I am wanting to buy a livestock blower and a very light weight trim stand since we will be showing a lot now. The stand pictured is the one we have now and is about 100lbs. Not to mention we are using a shop vac for a blower lol  if you have any recommendations for a good place to get either of these for a really good price, please let me know! I will sell my stand and use that money for a new one, but we really need a new blower. Thanks!


----------



## wildegoats0426 (Aug 30, 2013)

Anyone?


----------



## ksalvagno (Oct 6, 2009)

I know Circuiteer makes blowers. Have you checked on Craigslist to see if anyone is making stands? The only lightweight ones I know of are the aluminum ones that are expensive.


----------



## Dani-1995 (Mar 11, 2011)

Why don't you add wheels to one end of the stand? If i were closer I'd buy it lol. 

We like the sydell stands and circuiteer dryers. There is another brand, from sullivans, that makes a nice dryer


----------



## wildegoats0426 (Aug 30, 2013)

I guess we could add wheels, not sure how to do that lol. The blower from Sullivan's is $349 I believe. Maybe more, which is something i definitely don't have


----------



## Dani-1995 (Mar 11, 2011)

I'd look into wheels for the front... something that might be put on a wagon? Training wheels maybe? 
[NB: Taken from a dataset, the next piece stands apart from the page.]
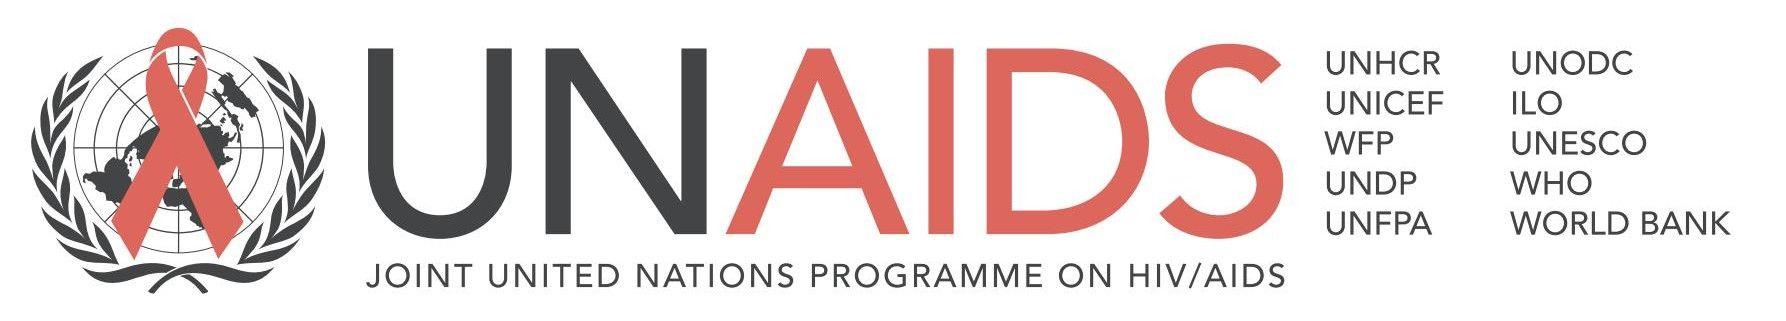 UNAIDS Logo - LogoDix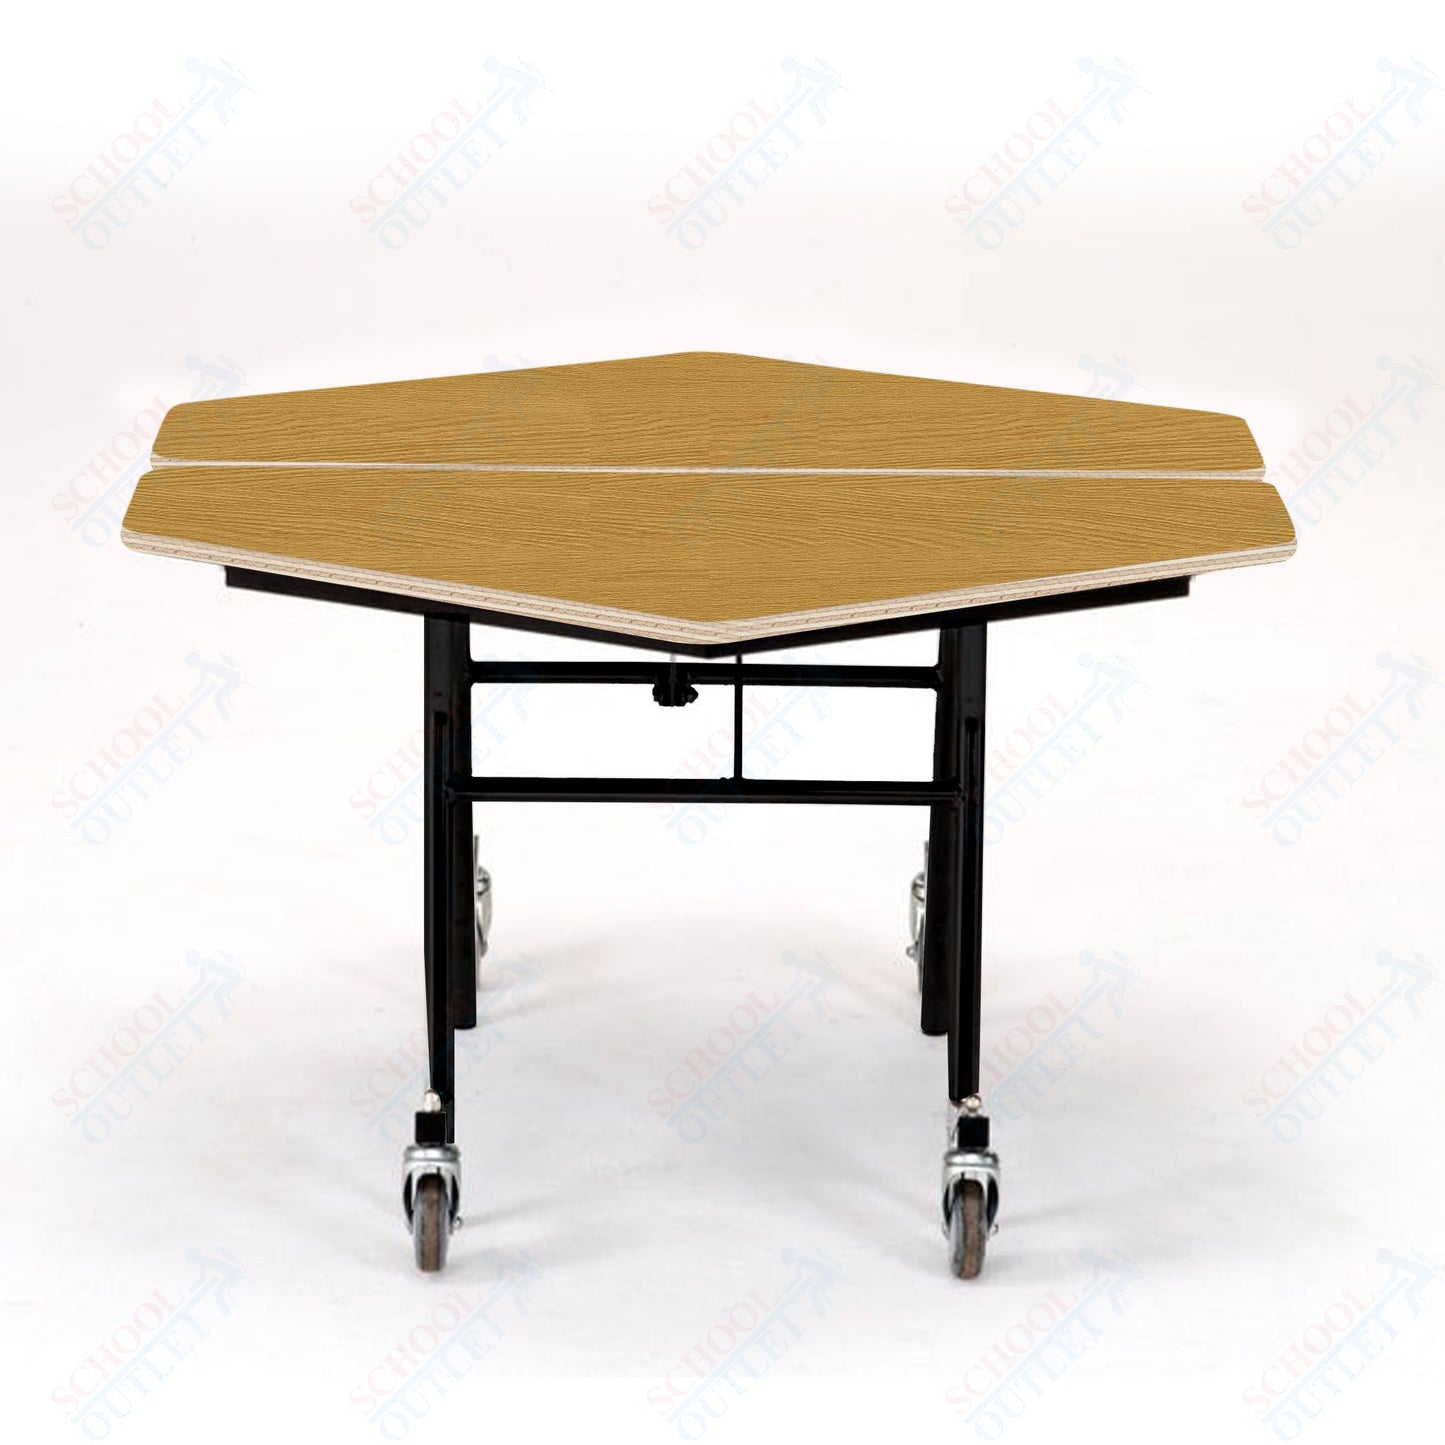 NPS Mobile Cafeteria Hexagon Table Shape Unit - 48" W x 48" L (National Public Seating NPS-MT48H)

I'd try looking at the specs on sullivans and find a compareable dog dryer. I had looked a few before I was given a dryer for farn sitting. Its all the same concept... look at HP and if its two speed... I prefer two speed.


----------



## MollieGoat (Jul 7, 2012)

Sometimes Sullivan's sell used blowers that are reduced in price... Not sure how much though. Craigslist will also sometimes have blowers in their listings


----------



## ptgoats45 (Nov 28, 2011)

You could also try to contact your local 4-H/FFA and see if they have a member that is ending their show career and has supplies for sale.


----------



## wildegoats0426 (Aug 30, 2013)

I just ended my local ffa lol, I know all the Ag teachers and they don't have anything. But I think I may have to just spend the money on something good


----------



## RoseBoerGoats (Oct 17, 2013)

If you look on PetEdge, they are decently priced.

https://www.petedge.com/zpetedgemai...ppid=PEDM_WEBSHOP_TR&wec-locale=en_US&cm=4086

I have this one in purple and loooove it. I use it for the dogs, goats, and horses! A little pricey but I had saved up quite some time for it lol.

https://www.petedge.com/zpetedgemai...2&view=grid&wec-locale=en_US&filter=Brand=K-9


----------



## RobinS (Nov 16, 2013)

*Blower for sale*

 Hi, I am in the Austin area- my daughter used to show in HS. She has moved out and moved on - but I do still have her blower an Elite Show Supply, Elite 2. We got it used, bought a brand new hose and extra filter for it. It works great still. I'll sell it for $150.


----------



## RobinS (Nov 16, 2013)

Elite Show Supply Elite II Blower for sale- 
Look for it on Austin Craigslist.


----------